Deepcopy not showing up in model

I’m trying to load 8 pretrained models into another model in PyTorch. The definition of the models I want to load (loaded on top of a vgg net):

self.output_layer=nn.Sequential(nn.Conv2d(512,512, kernel_size=3,padding=2,dilation = 2),
                            nn.Conv2d(512,256, kernel_size=3,padding=2,dilation = 2),
                            nn.Conv2d(256,128, kernel_size=3,padding=2,dilation = 2),
                            nn.Conv2d(128,64, kernel_size=3,padding=2,dilation = 2),
                            nn.Conv2d(64, 1,kernel_size=1))

I’m deep copying these into an array, then loading the weights from the pretrained models, and each gets used on the forward pass as an expert in a gating block.

  self.branches=[]
  for i in range(8):
        self.branches.append(copy.deepcopy(self.output_layer))

Forward pass:

    x = self.frontend(x)
    regressors=[]
    for i in range(8):
        regressors.append(self.branches[i](x)) 
    stack=torch.cat(regressors, dim=1)


final=(gate[:,:,None,None]*stack)
output=torch.sum(final, dim=1, keepdim=True)

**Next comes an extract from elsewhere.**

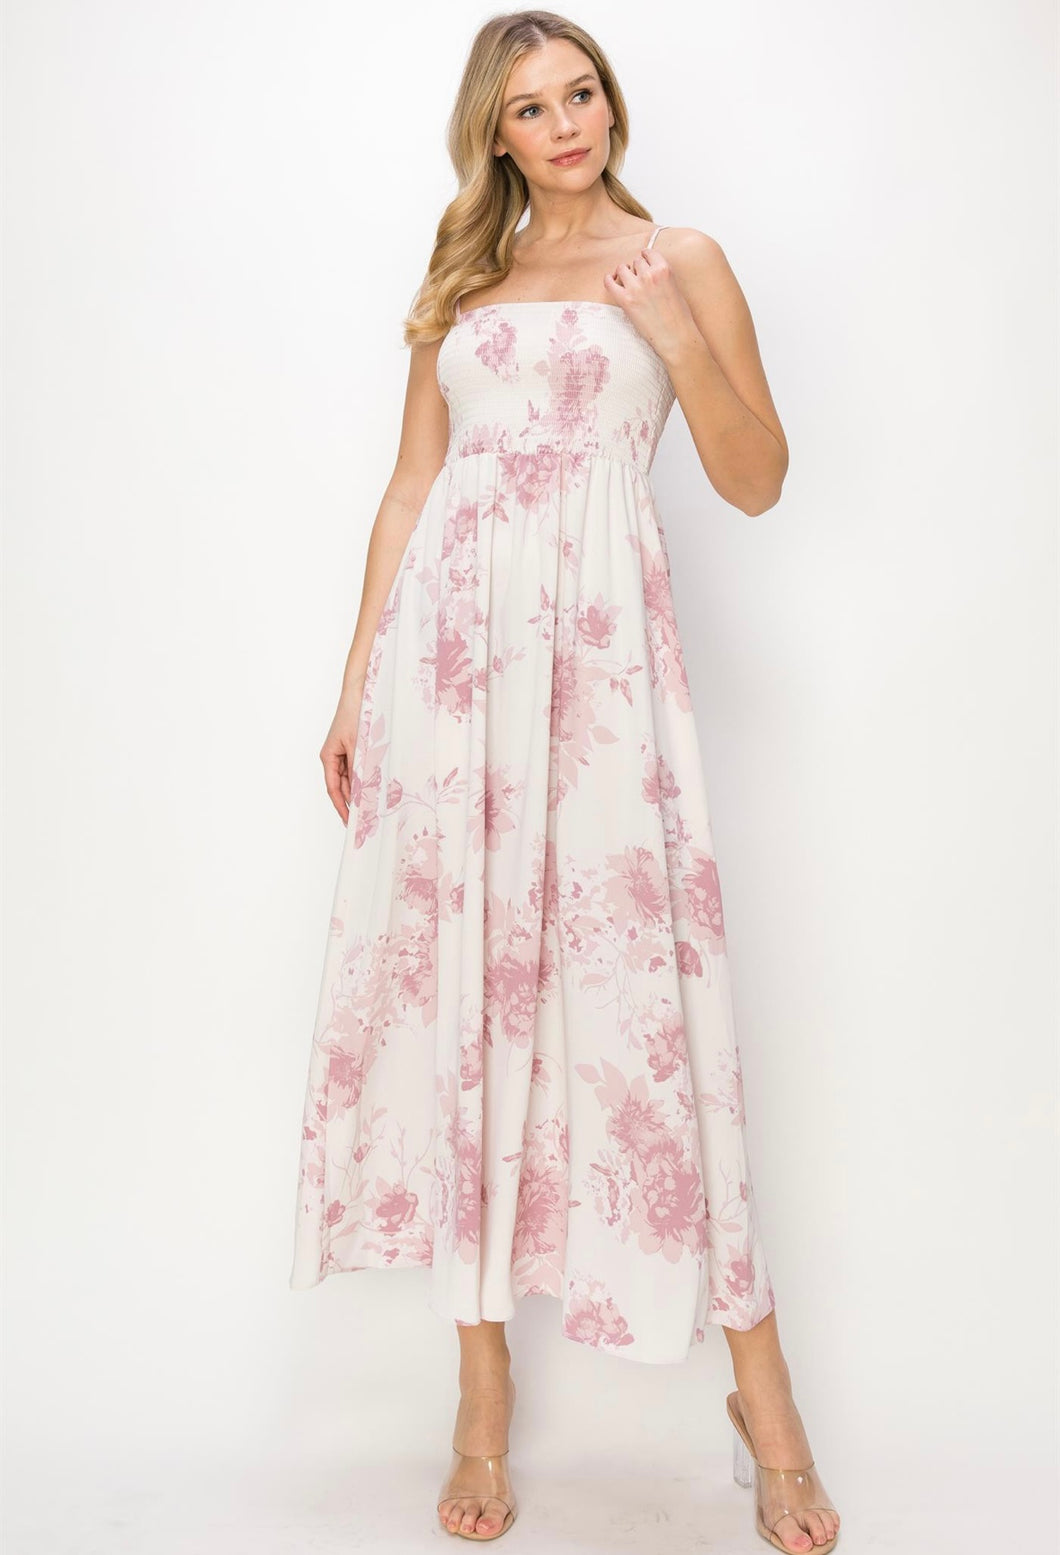 Wht/Mauve Floral Dress

These pretrained layers are not showing up in my model. When I run torchsummary on the model, I am only seeing the vgg and gating layers. The outlayer_layer is missing.

Without deepcopying the output_layer, I see all the layers and parameters in the torchsummary (10,798,408 with deepcopy vs. 42,067,280 without deepcopy.). However, I need deepcopy to load the weights of each model and not just create a list of references to the same output_layer with the same weights.

In the meantime as a workaround I defined 8 different self.output_layers and added them to the branches array. This seems to work out okay.

Hi,

You will need to use nn.ModuleList() for the submodules (each of your regressor) to be found properly.
You can simply replace self.branches=[] by self.branches=nn.ModuleList() and it will work as expected.